Dalam era yang terus berkembang dengan pesat, informasi telah menjadi komoditas yang tak ternilai harganya. Dari revolusi digital hingga transformasi teknologi, dunia kita kini tenggelam dalam lautan informasi yang tak pernah kering. Artikel ini mengajak kita untuk melangkahkan kaki ke dalam kompleksitas tatanan informasi saat ini, mengeksplorasi tantangan dan peluang yang muncul dalam mengelola dan memahami gelombang informasi yang terus menggulung. Dari algoritma cerdas hingga arus berita yang tak kenal lelah, mari kita telaah bersama bagaimana kita dapat menjadikan informasi sebagai alat untuk mendobrak batasan dan memahami dunia di sekitar kita dengan lebih baik.

Berikut adalah artikel atau berita tentang Harian losandes.biz dengan judul losandes.biz: 5 Fakta Penting Tes Kebohongan Hasilnya Masih Bisa Dimanipulasi yang telah tayang di losandes.biz terimakasih telah menyimak.
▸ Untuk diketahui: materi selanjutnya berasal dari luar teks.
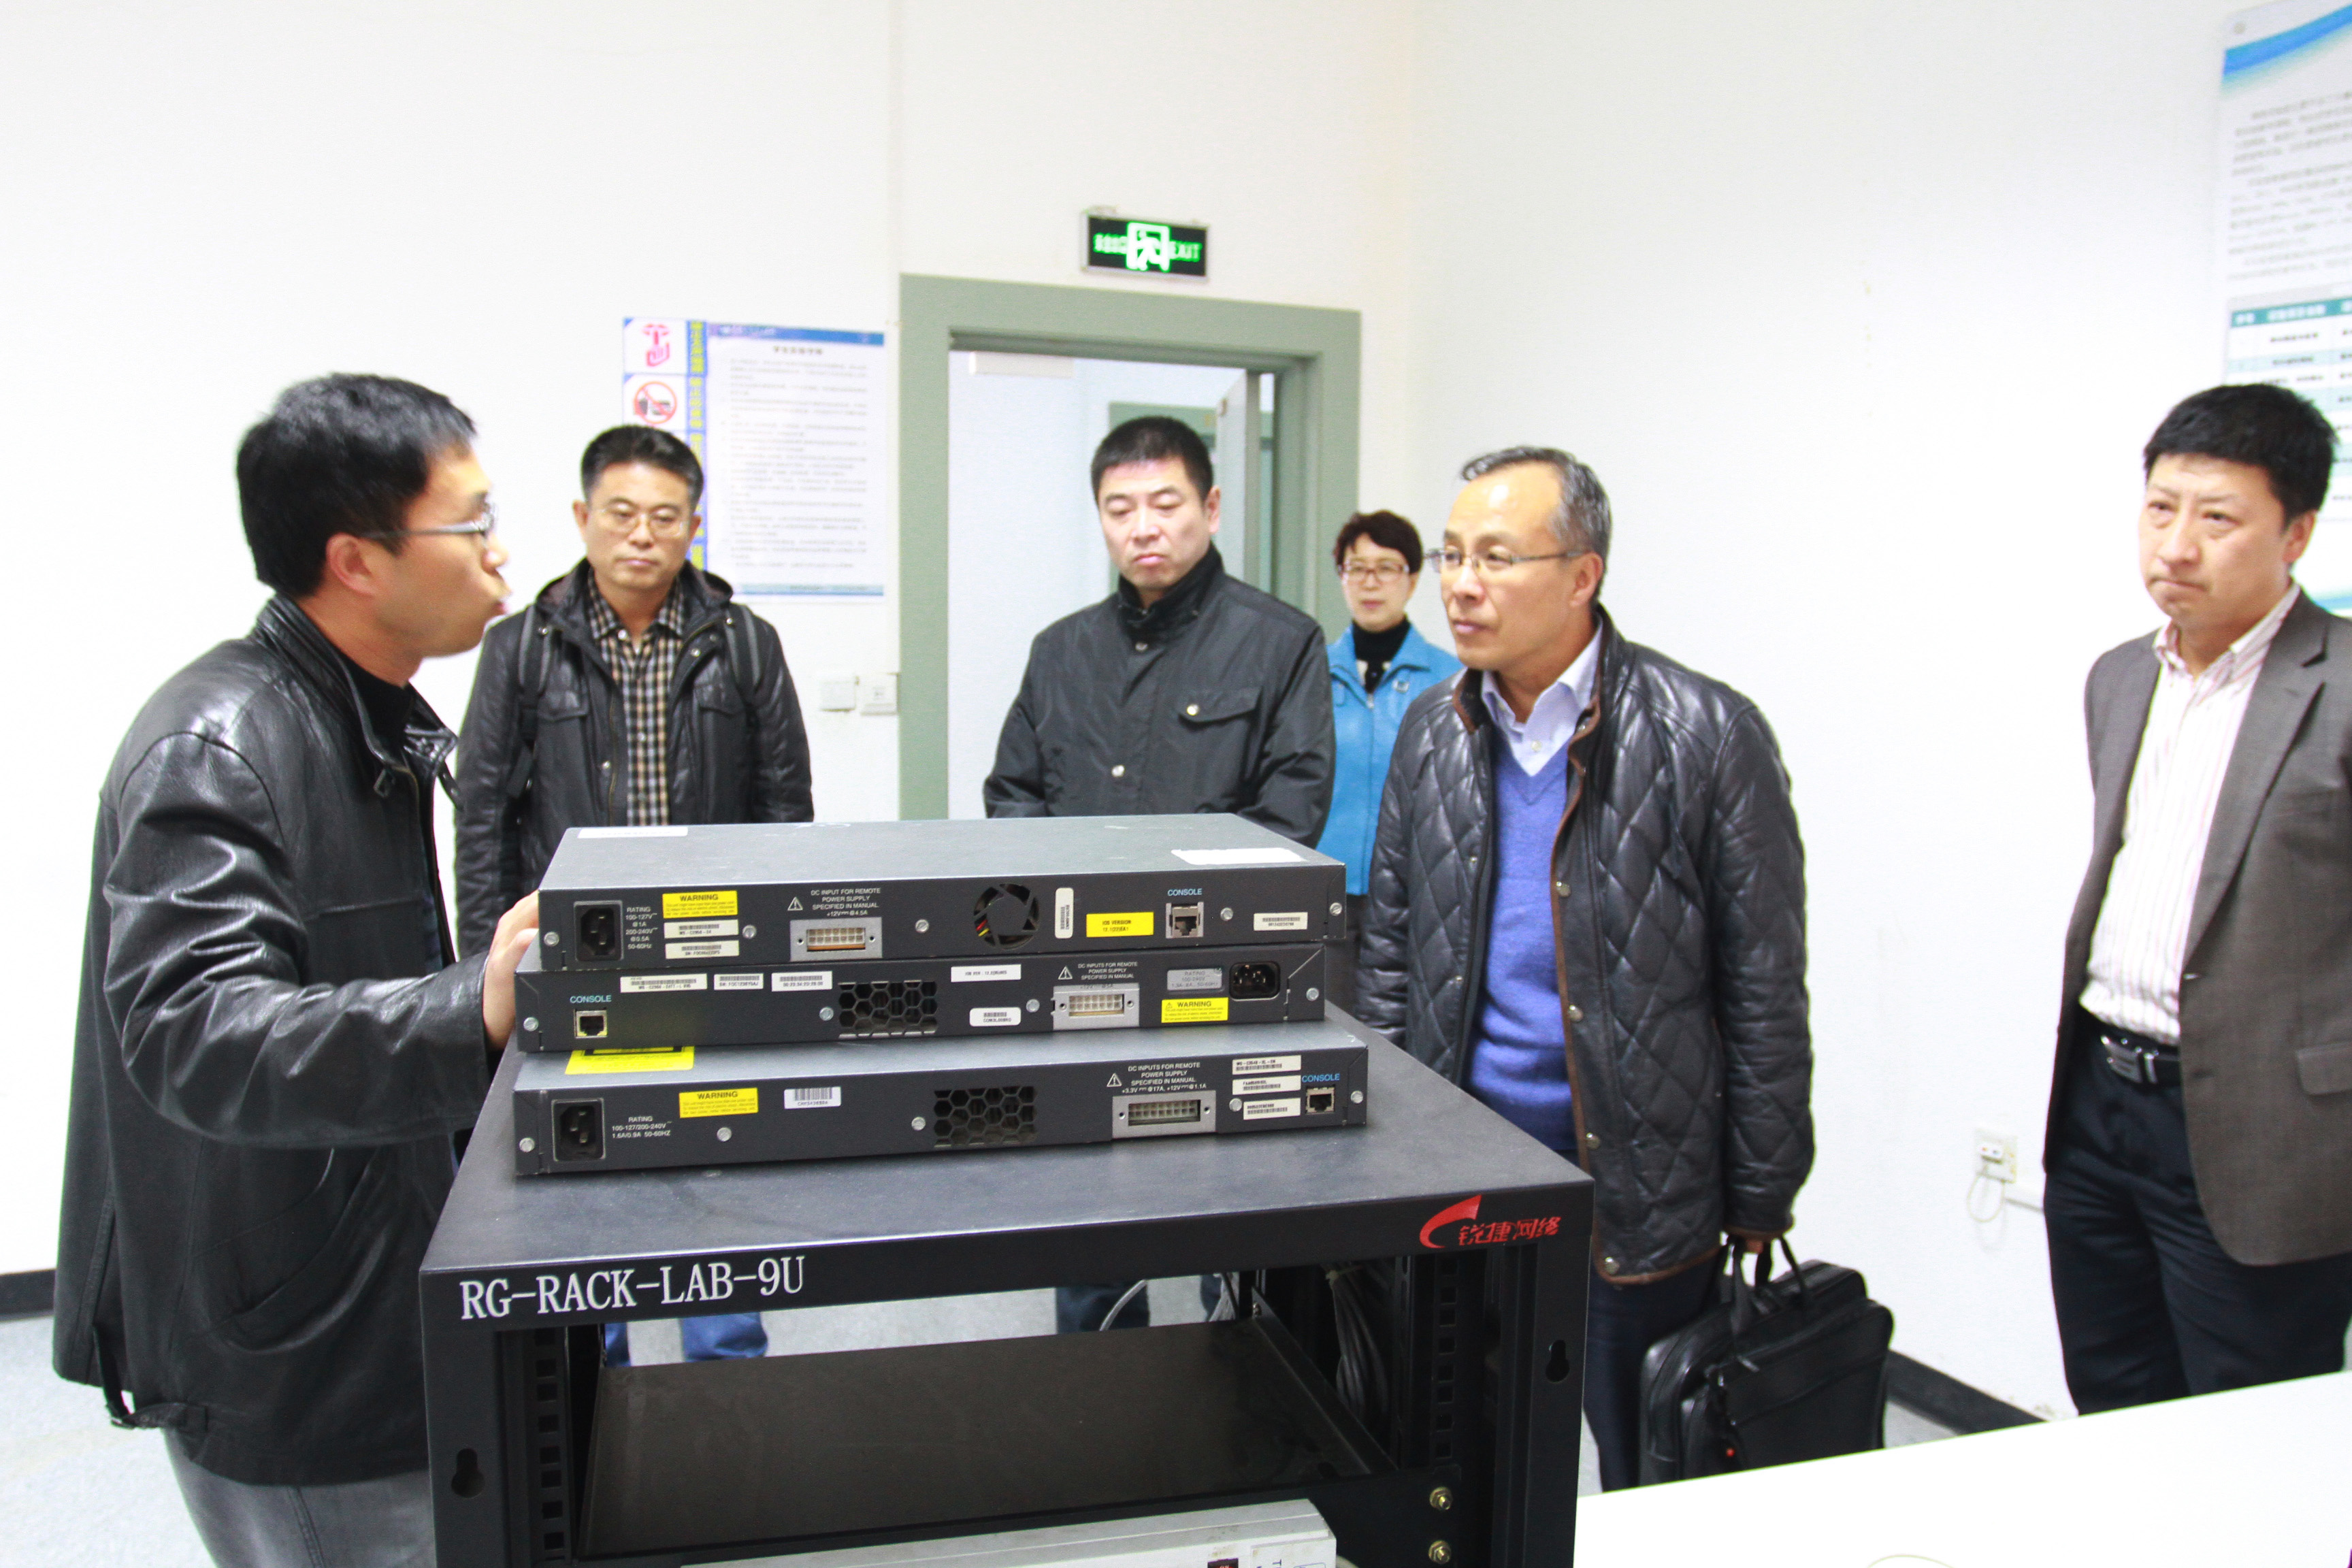 教学支持与实验中心副主任张志亮带领来访专家参观实验室

Bila ada masukan atau komplain mengenai artikel berikut silahkan hubungi email kami di [email protected], Terimakasih.

KOMPAS.com – Tes kebohongan atau uji poligraf belakangan sering disebut dalam pemberitaan terkait kasus Ferdi Sambo.

Pengujian kejujuran seseorang ini memang kerap dipakai untuk mengungkap kasus kejahatan, di dunia nyata maupun kisah fiksi.

Beberapa pihak menganggapnya ampuh untuk mememastikan pernyataan seseorang, dengan metode tertentu.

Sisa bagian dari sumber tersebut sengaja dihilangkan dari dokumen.